Introduction: Brain edema is an adverse complication of ischemic stroke, and is associated with substantial morbidity and mortality. We investigated whether relaxometry parameters of MRI are a reliable measure of brain edema in an animal model.
Hypothesis: We hypothesize that quantitative relaxometry parameters of MRI in a rat model of stroke tightly correlate with brain edema.
Methods: We permanently occluded the middle cerebral artery of 18 rats using the filament occlusion method. Fifteen surviving animals were imaged at 48 hours with a Bruker 4.7 T MRI scanner with Diffusion-weighted imaging (DWI), T1 and T2 maps, and proton-density weighted (PDW) imaging. Hemispheric and lesional volumes were generated on DWI. For quantitative T1, quantitative T2 and PDW images, signal intensity values relative to the contralateral hemisphere were determined. The percent water content in the rat brain was measured using the wet-dry method. Additional volumetric measurements of swelling were calculated based on hemisphere volumes determined on MRI. Correlation testing and logistic regression was performed to assess the relationship between imaging measures and swelling.
Results: The mean lesion volume was 352 mm3. Brain water content and swelling volume were closely associated (r=0.80, p<0.001). PDW, T1 and T2 ratios highly correlated with brain water content (r=0.91, p<0.0001, r=0.94, p<0.0001 and r=0.97, p<0.0001, respectively).
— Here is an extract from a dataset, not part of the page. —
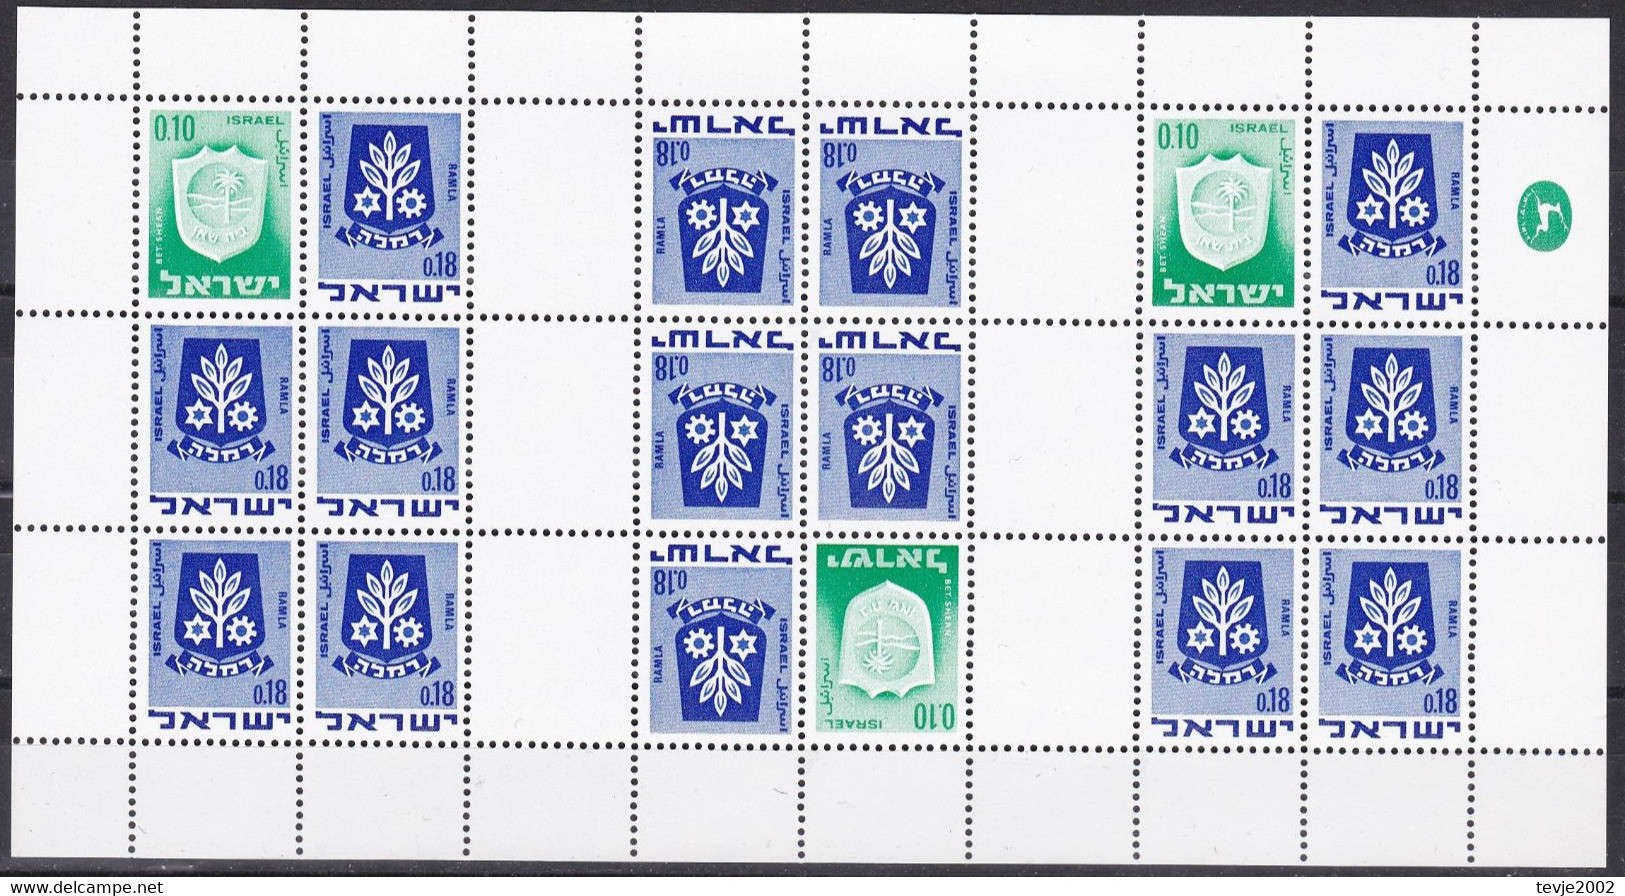 Israel 1973 - Markenheftchenbogen Mi.Nr. 326 + 486 - Postfrisch MNH - Carnets

Ratios for PDW, T1 and T2 were also associated with swelling volume (r=0.67, p<0.0063, r=0.73, p<0.0022, and r=0.74, p<0.0017).
Conclusion: Signal intensity ratios derived from PDW as well as quantitative T1 and T2 MRI can be leveraged to quantify brain water content and brain edema. These measures are useful markers for edema quantification that can be applied to any condition that leads to brain edema in both animal models and human patients.